The arrests have upset the joint separatist leadership comprising Geelani of the hardline Hurriyat, Mirwaiz Umar Farooq of the moderate Hurriyat, and Yasin Malik of the Jammu and Kashmir Liberation Front. They condemned the government action, describing it as a conspiracy to “malign the pro-freedom leadership” by linking them with subversive activities and “implicate them into fabricated criminal cases”.
Notwithstanding the debate surrounding the merit of these arrests, they are a clear indication that the Centre has decided to take a tough line against Kashmir’s separatist leaders.
New Delhi’s attempts to discredit separatist groups has not elicited a strong reaction from the people of the Valley. The joint separatist leadership’s call for a Kashmir-wide strike on July 25 to protest against the arrests evoked a poor response, unlike previous such calls. One of the reasons for this is that it is no secret in the Valley that separatist leaders accept money from Pakistan. In fact, Indian intelligence agencies are also known to have regularly paid separatists as well as mainstream political parties in Kashmir.
What are the implications?
The bigger question here is: what does New Delhi hope to achieve by discrediting the separatist leadership?
In the wake of a new militancy emerging in Kashmir, separatist leaders have already lost much of their sting. The talk of establishing an Islamic Caliphate in the Valley emerging from militant camps has pushed them towards irrelevance.
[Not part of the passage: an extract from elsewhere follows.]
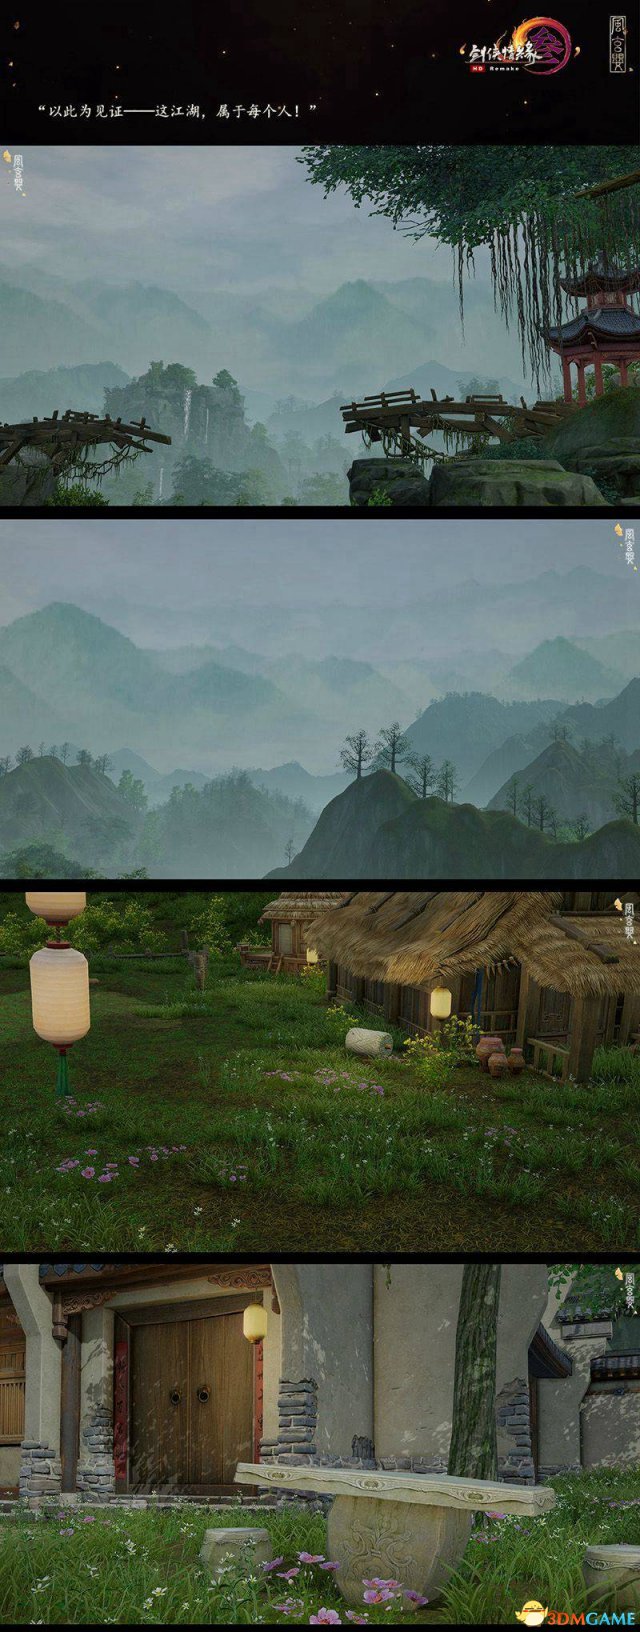 大美江湖 《剑网3》重制版有爱玩家截图赏

The National Investigating Agency and Enforcement Directorate raids and arrests will add to this.
Will an irrelevant and discredited separatist leadership fit in the broader game plan of New Delhi? Given the ground realities in the Valley, the answer is a big “No”.
The young boys joining militancy in Kashmir these days are a radicalised lot. They do not care about historical realities, United Nations resolutions or Pakistan. They seem to have just one agenda – the establishment of an Islamic Caliphate in Kashmir – a dream akin to the ideology of terrorist groups like the Islamic State, Al Qaeda and the Taliban. In fact, a report in the Guardian on Thursday said that an Al Qaida-affiliated propaganda channel has declared Zakir Musa, 23, one of Kashmir’s most popular militant leaders, as the head of its newly created cell in the Valley. This marks the formal presence of a global terror group in Kashmir for the first time.
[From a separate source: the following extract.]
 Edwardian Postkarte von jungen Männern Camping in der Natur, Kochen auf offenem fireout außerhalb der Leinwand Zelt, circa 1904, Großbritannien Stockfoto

Once the separatist leadership is out of the picture, New Delhi is likely to be confronted by these largely faceless radicals, who believe in an ideology where there is no scope for any dialogue or reconciliation. It is likely that some security analysts in New Delhi will be happy with this situation because it will give the government a free hand to deal with it militarily. However, such thinking, if it exists, is fraught with many dangers.
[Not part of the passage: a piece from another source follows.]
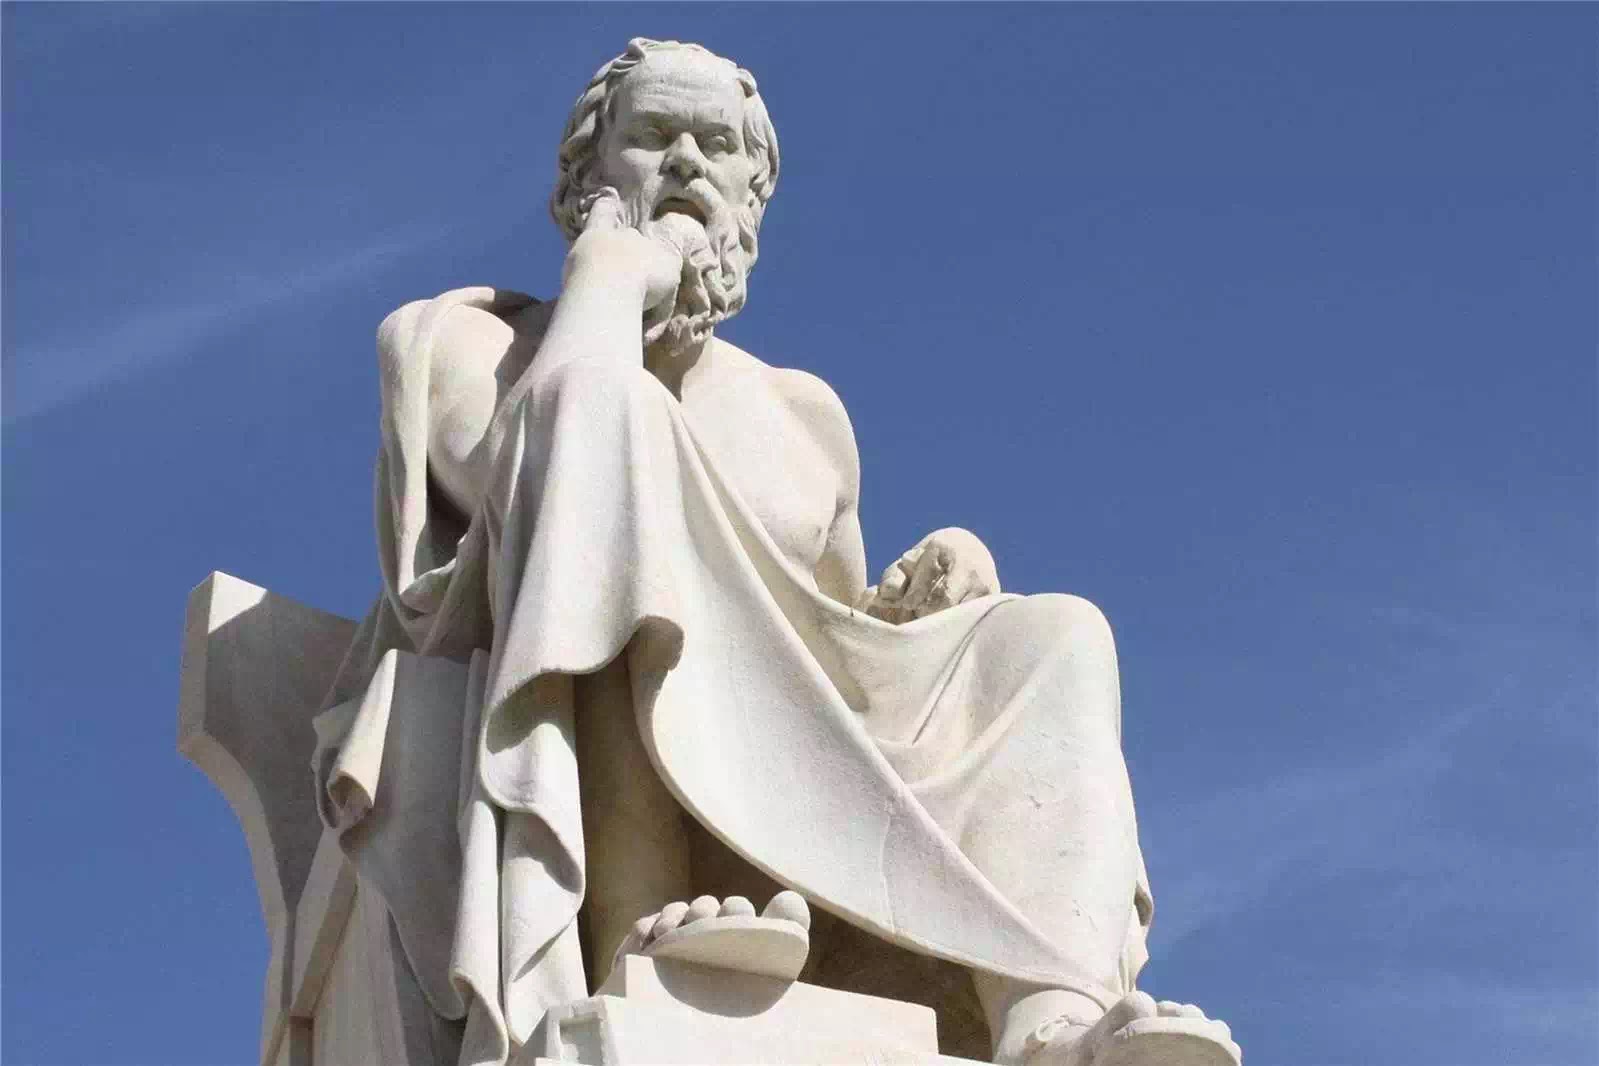 “Đức hạnh tỷ lệ thuận với hiểu biết” (Socrates)!

Any violent conflict is like a fire. Common sense has it that bare hands cannot be used to control fire. States suffering violent conflict have traditionally kept handy some kind of tools – akin to a fire-poker, a spade and tongs – that they use when they need to manage the fire, or to keep its thermo-politics from burning up the state.
The Hurriyat Conference, Kashmir’s separatist political leadership, has so far performed the role of these fire tools. Now, by throwing them away, the government of India is actually exposing itself to the dangerous prospect of burning itself. At the time of need, it will no longer have the privilege of using these tools to regulate the thermo-politics of the Kashmir conflict, which, right now, is facing the added threat of radical groups like Al Qaida blowing fresh air into it.
Bashir Manzar is editor, Kashmir Images, an English daily published from Srinagar.